Почти все время я находился в палате. Обстановка, да и сама ситуация, в которой я оказался, заставили меня задуматься о безвесности наших слов, нашего языка. Слова-образы. Они кружились передо мной словно астероиды в кольцах Сатурна. Новые и старые, услышанные где-то или придуманные мной, непонятные и простые — они ускользали от меня с одинаковой легкостью. А выстроить цепочку, сложить из этого хаотичного слововорота мысль, законченную, стройную, понятную любому дегенерату, казалось невозможным. Да и сейчас мне не всегда это под силу. Мысли всё больше походят на строительный мусор. На бетонные неровные куски с торчащей наружу арматурой, разбитые и раскуроченные так, что уже и не понять для чего они предназначались. Вдобавок мой скудный словарный запас да недостаток воображения никогда не дадут выразить все то отчаяние, весь страх и обречённость, овладевавшие мной в то время.

Время… Еще один призрак прошлого. Когда не видишь солнечного света, когда не замечаешь прихода ночи, когда перестаёшь понимать: спишь ты или бодрствуешь, когда дрёма и пробуждение проходят незаметно, когда перед глазами одна лишь Тьма — тогда и само время теряет смысл. Оно растягивается и сжимается в непостижимых пропорциях. Иногда мне казалось, что доктора приходят слишком часто, другой раз их не бывало целую вечность. Блаженную вечность.

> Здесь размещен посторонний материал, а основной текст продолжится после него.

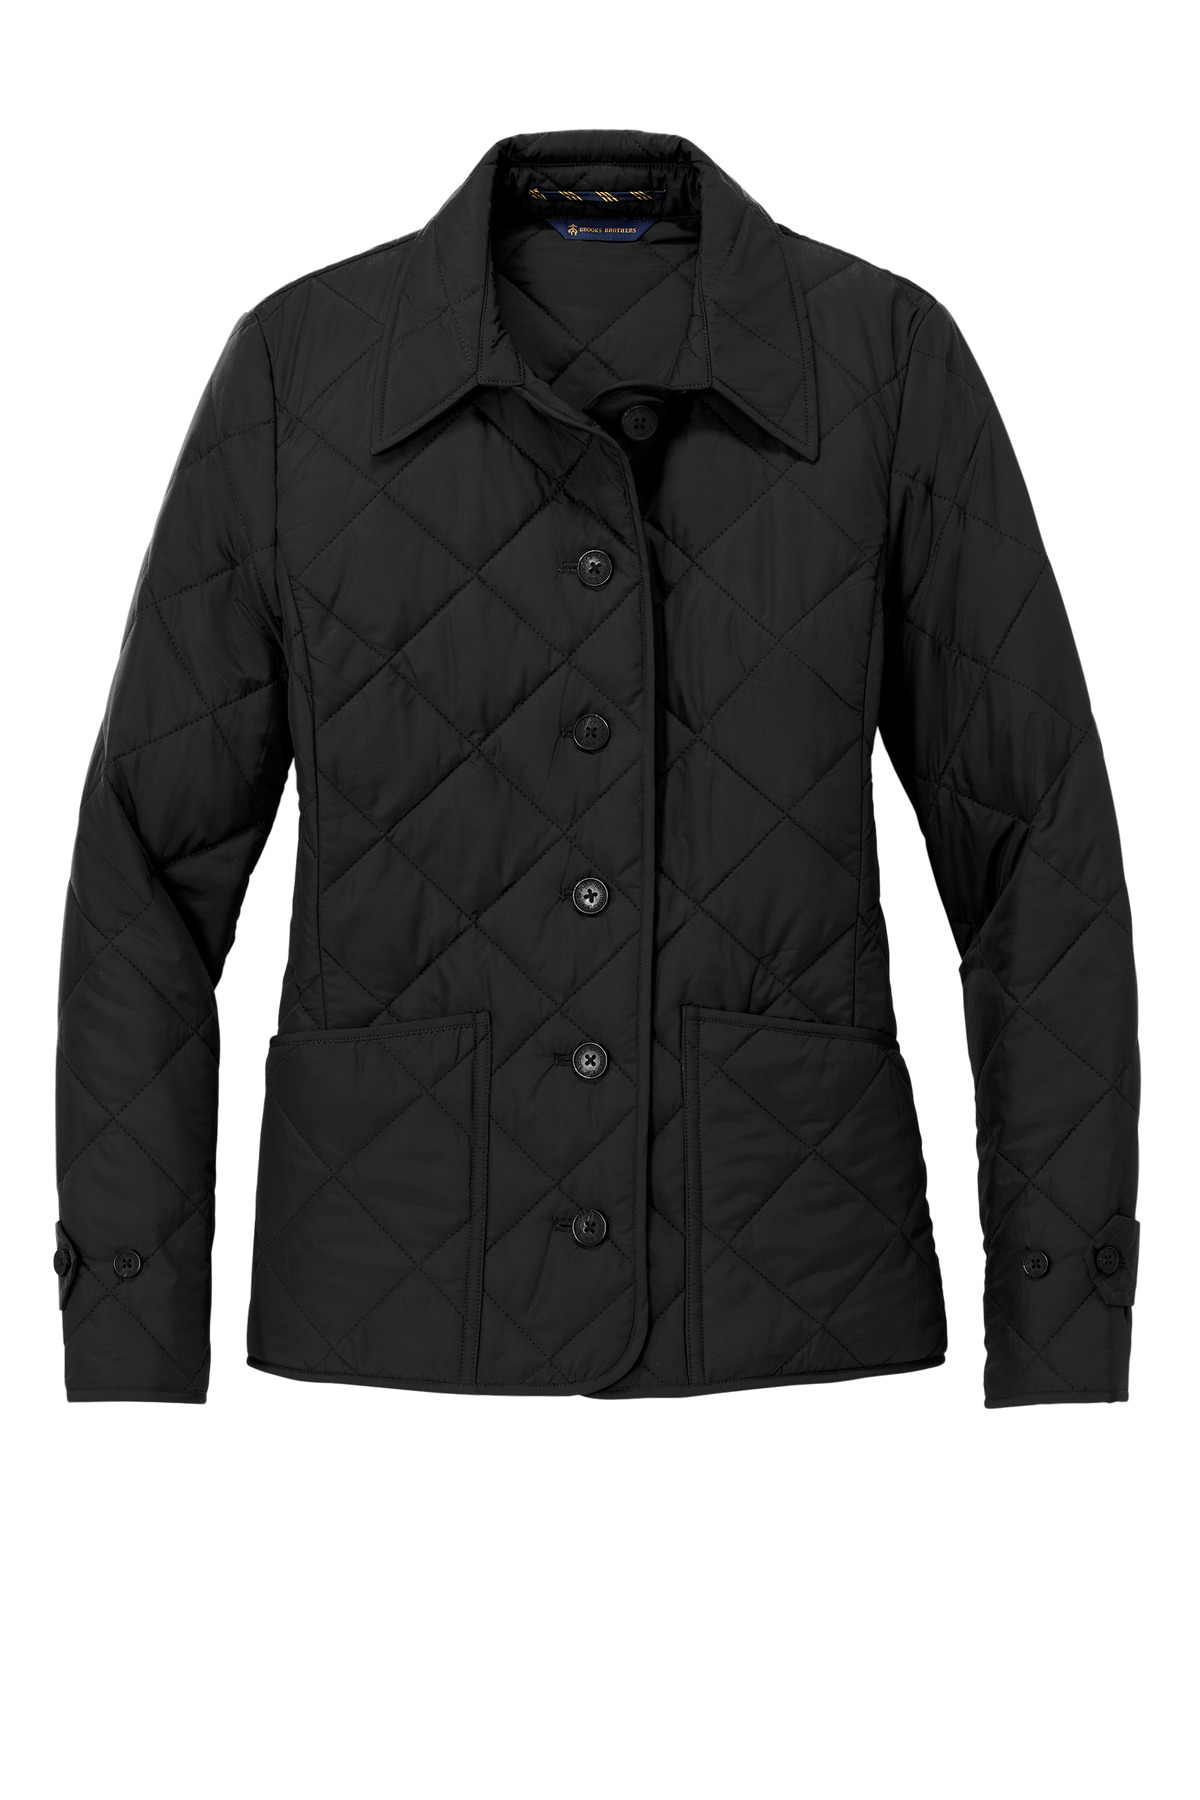 Brooks Brothers Womens Quilted Jacket BB18601

Разум все больше подводит меня. Я уже почти ничего не помню из прошлого, лишь смутные отголоски да рубцы от шокирующих событий остались в памяти, а период изоляции и вовсе представляется сплошным чёрным пятном. Чёрные дни — чёрные ночи. Слово там — слово здесь. С врачом, с ассистентом, с сиделкой… Да, Леночка, моя сиделка… Как же стыдно мне за то, как я с ней обращался поначалу. Я почему-то приписал её к своре учёных, считал её заодно с ними. А она стала моей отдушиной. Мы разговаривали, болтали о всякой ерунде, жену то ко мне не пускали. Она рассказывала мне последние новости (как правило мрачные и неутешительные), читала Танины записки, и передавала ей мои ответы. А когда она уходила, я соскальзывал в страну моих снов, где я снова мог видеть.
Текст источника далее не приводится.